Jack’s hot and cold act makes him difficult to like for roughly half the book. He does have a tenderness and sense of humor that exist in the beginning and from the middle on, but he goes from gently nursing Letty to being bitter about her wealth and throwing his alpha weight around completely out of the blue. She finds out more about his likes and dislikes by snooping around the mansion than actually talking to him. His determination to take care of his family and profit from his own efforts is admirable.

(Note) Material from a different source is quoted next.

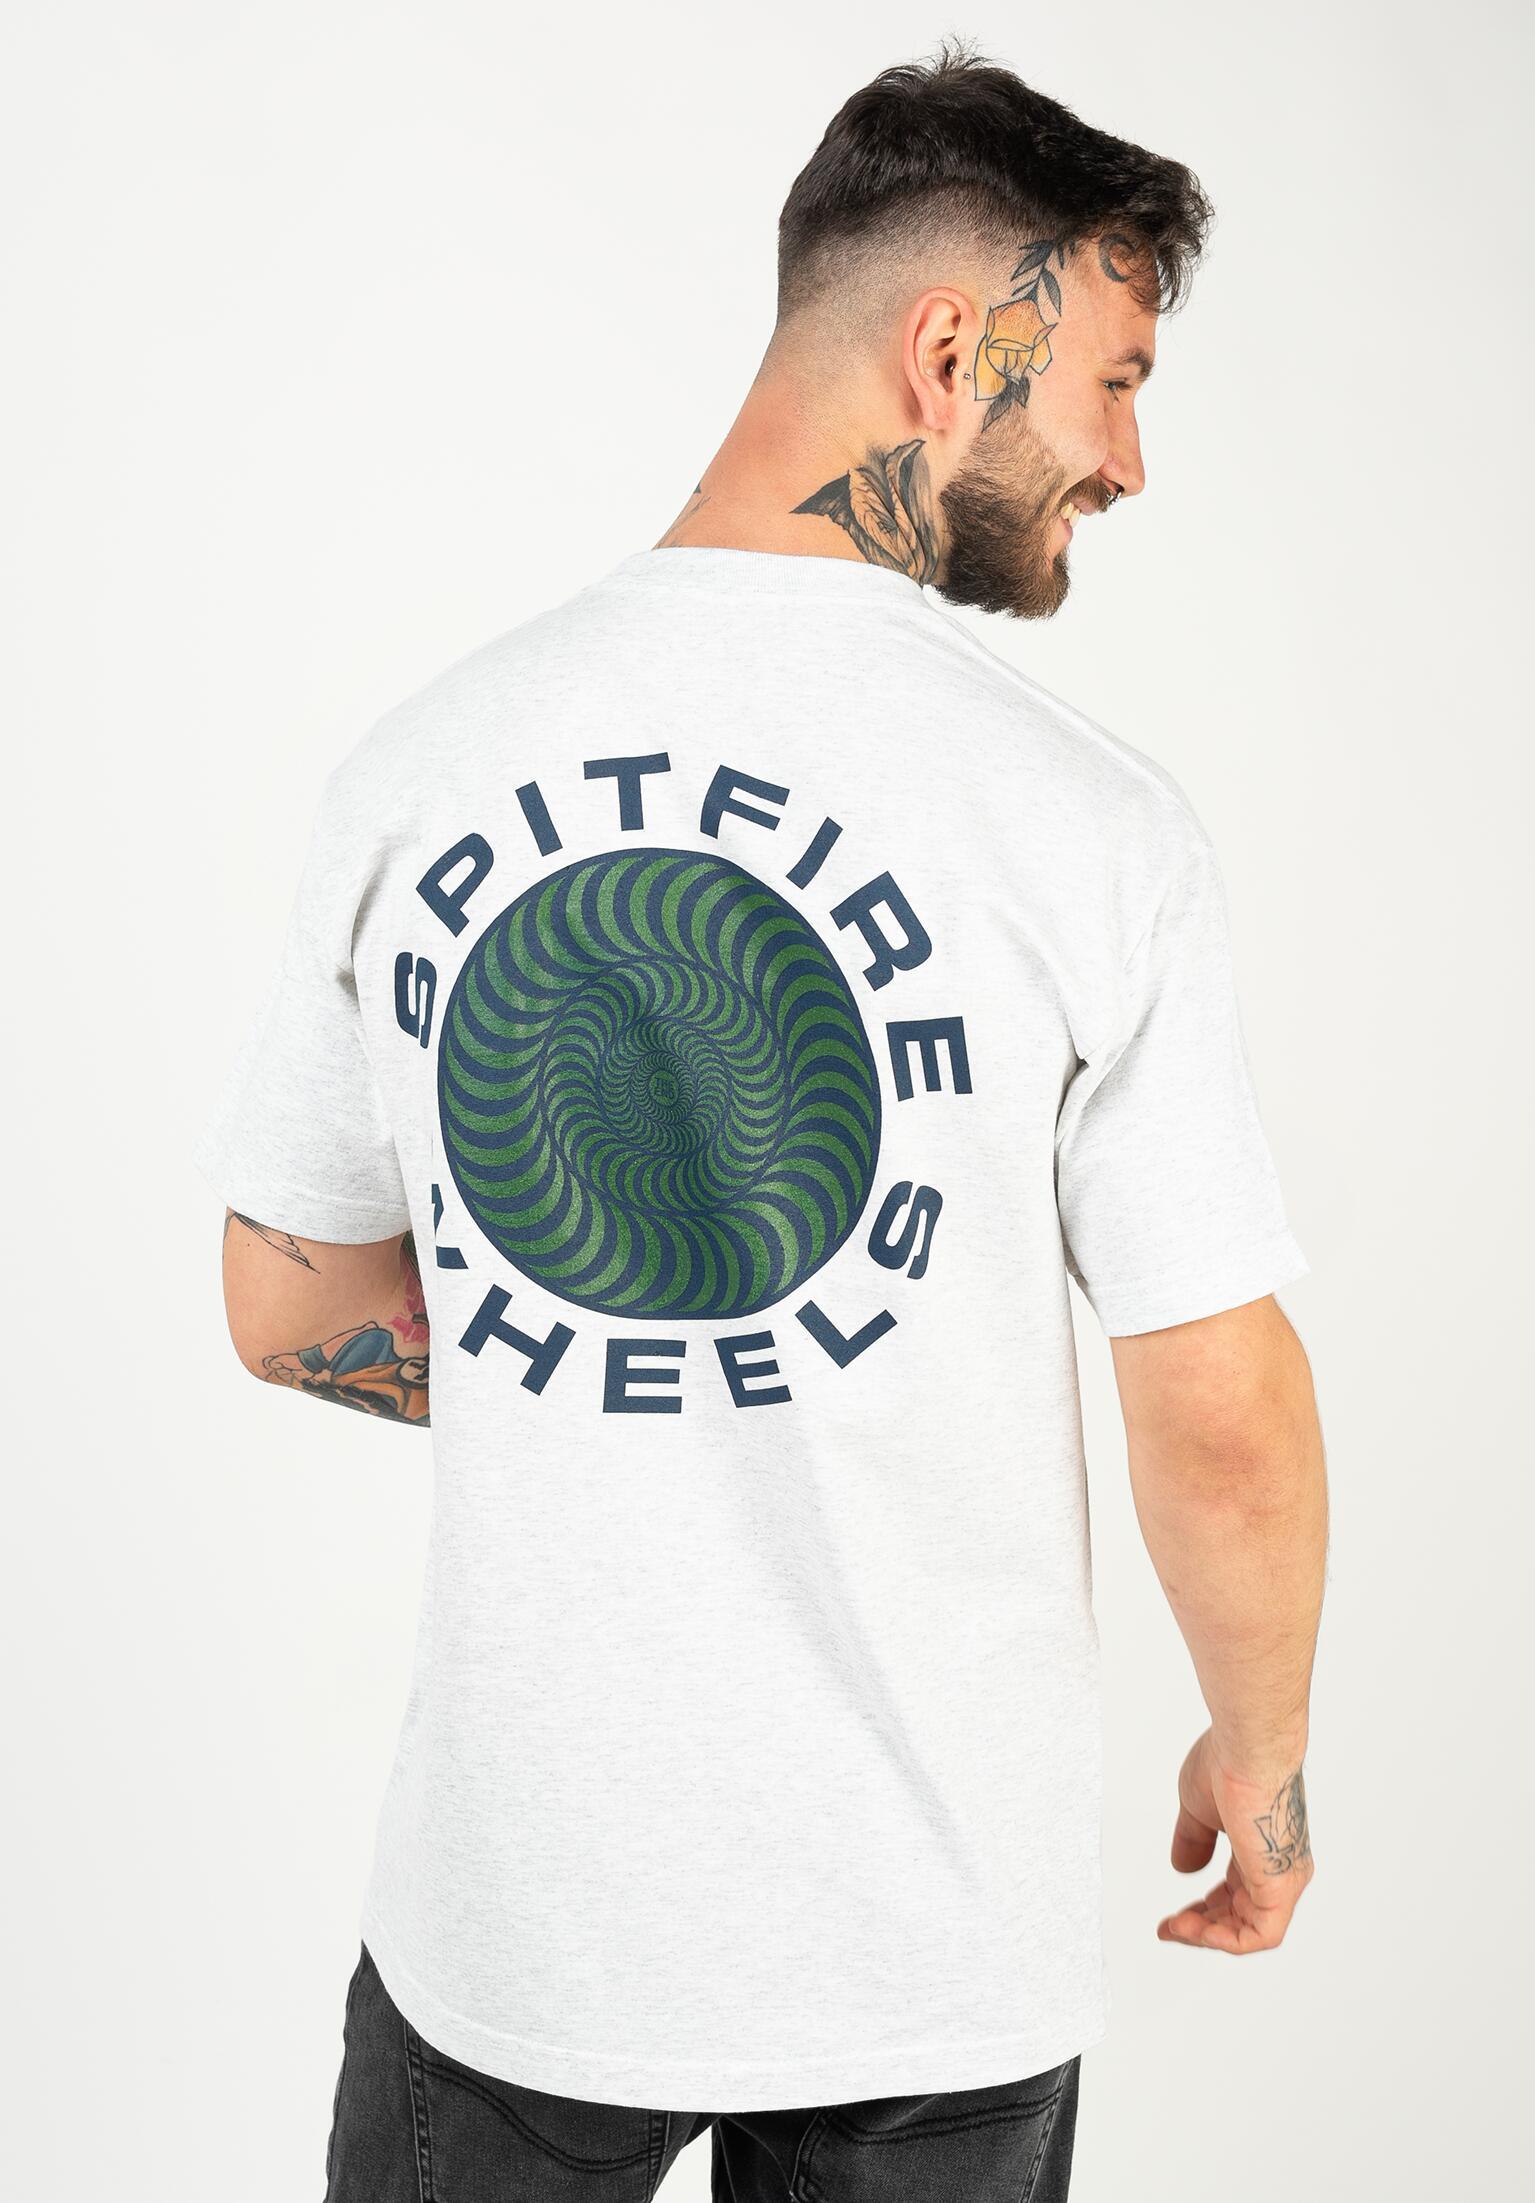 Spitfire Skateboards Pullover Hoody Classic 87 Swirl Navy//White

The chemistry between the brothers is amusing and well, feels brotherly. My only quibble with them is that they all have convenient skills or professions to help out the plot; one’s a trainee doctor, another an ex-soldier good at spying on conversations, the third knows everything about society because he’s addicted to gossip columns, etc.
A Warriner to Protect Her comes very, very close to earning a recommendation from me. But as much fun as I had with the supporting characters and as much as I truly liked Letty, generally enjoyed Jack and loved the supporting players and some sections of the central romance, the plot’s clichés infect the book so thoroughly that the characterization and love story develop unevenly, making this a classic ‘middling’ grade story if there ever was one.